In a Cloud Storage Gateway, local caching is your latency weapon. But don’t hand-wave cache size during design or an interview. You can estimate a practical cache size from the workload using access skew (Zipf-like behavior): a small "hot set" of objects drives most reads.

### The idea in one sentence
If roughly 80% of reads come from the top 20% of files, size the cache to hold that hot set (not the entire namespace). That gives a strong hit rate for a much smaller storage footprint.

### Why this works (briefly)
Most realistic workloads aren’t uniform. A small fraction of objects receives the majority of requests. This is commonly modeled with Zipf’s law (or other heavy-tailed distributions). With such skew, caching the hot set yields a large hit rate improvement for a modest cache.

### Step-by-step estimation (formula + example)
Use a simple formula:

cache_size ≈ hot_set_fraction × (reads / reads_per_file) × avg_object_size

Where:
- reads = number of reads in the measurement window (e.g., per day)
- reads_per_file = average read frequency for a *file that is read at least once* (or invert if you measure unique files)
- hot_set_fraction = fraction of unique files that account for the majority of reads (e.g., 20% for an 80/20 rule)
- avg_object_size = average stored object size

Example from the raw notes:
- reads = 4,800 reads/day
- reads_per_file ≈ 5 reads per file → unique_files_per_day = 4,800 / 5 = 960 files
- hot_set_fraction = 20% → hot_set_size = 0.2 × 960 = 192 files
- avg_object_size = 5 MB → cache_size = 192 × 5 MB = 960 MB

Add overhead and growth margin (metadata, fragmentation, more objects, temporary bursts) → target cache ≈ 1–2 GB.

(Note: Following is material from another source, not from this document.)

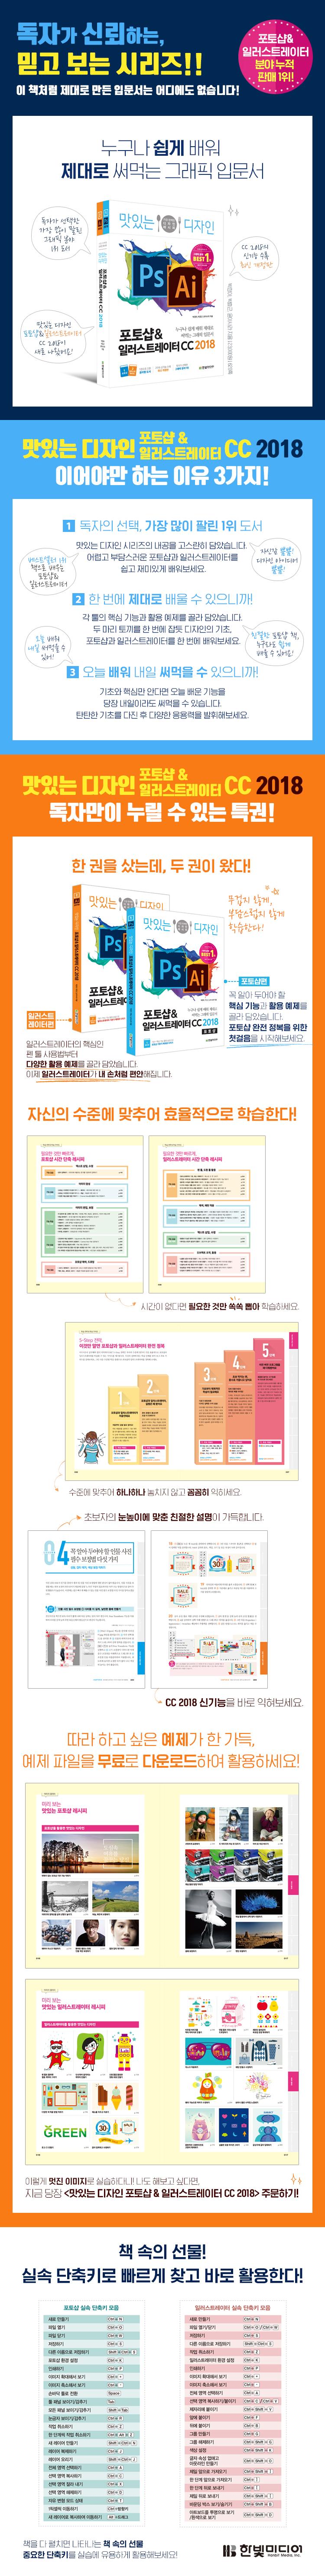 [상세페이지] 맛디 포&일 CC 2018_750_최종.jpg

### Interview checklist: justify the cache, don't guess
If asked in an interview, present the calculation and assumptions explicitly:
1. State measurement window (e.g., daily reads) and source (access logs, metrics)
2. Show how you derive unique files (reads ÷ reads_per_file) or compute top-K by rank
3. Choose a hot_set_fraction (cite 80/20 as a start; adjust if you measure a different skew)
4. Use average object size and add overhead/growth margin
5. State eviction policy assumptions (LRU, LFU) and how TTLs or writes affect the effective hot set
6. Provide the final recommendation (with safety margin)

### Caveats & refinements
- Skew matters: if distribution is less skewed, the hot set grows and caching helps less. Measure the exponent (alpha) of your Zipf-like distribution if possible.
- Time window: the working set can change hourly/daily; choose a window that matches your SLA goals.
- Writes and consistency: write-heavy workloads and short TTLs reduce effective cache utility.
- Object size variance: if object sizes vary widely, use percentiles (median/95th) or weight by bytes when sizing.
- Eviction policy: LRU/LFU hybrid choices affect how well the hot set is retained under churn.

### Quick tip on latency impact
If local cache latency is 5 ms and remote object fetch is 100 ms, improving hit rate from 0% to 80% reduces average read latency roughly by (100 - 5) × 0.8 ≈ 76 ms per read — a big win for user experience.

### TL;DR (for interviews)
Don’t guess cache size. Measure the workload (reads, unique files, object size), assume a hot set (e.g., 20% for 80/20), compute the bytes to hold that set, add safety margin, and explain your assumptions. That math is your answer.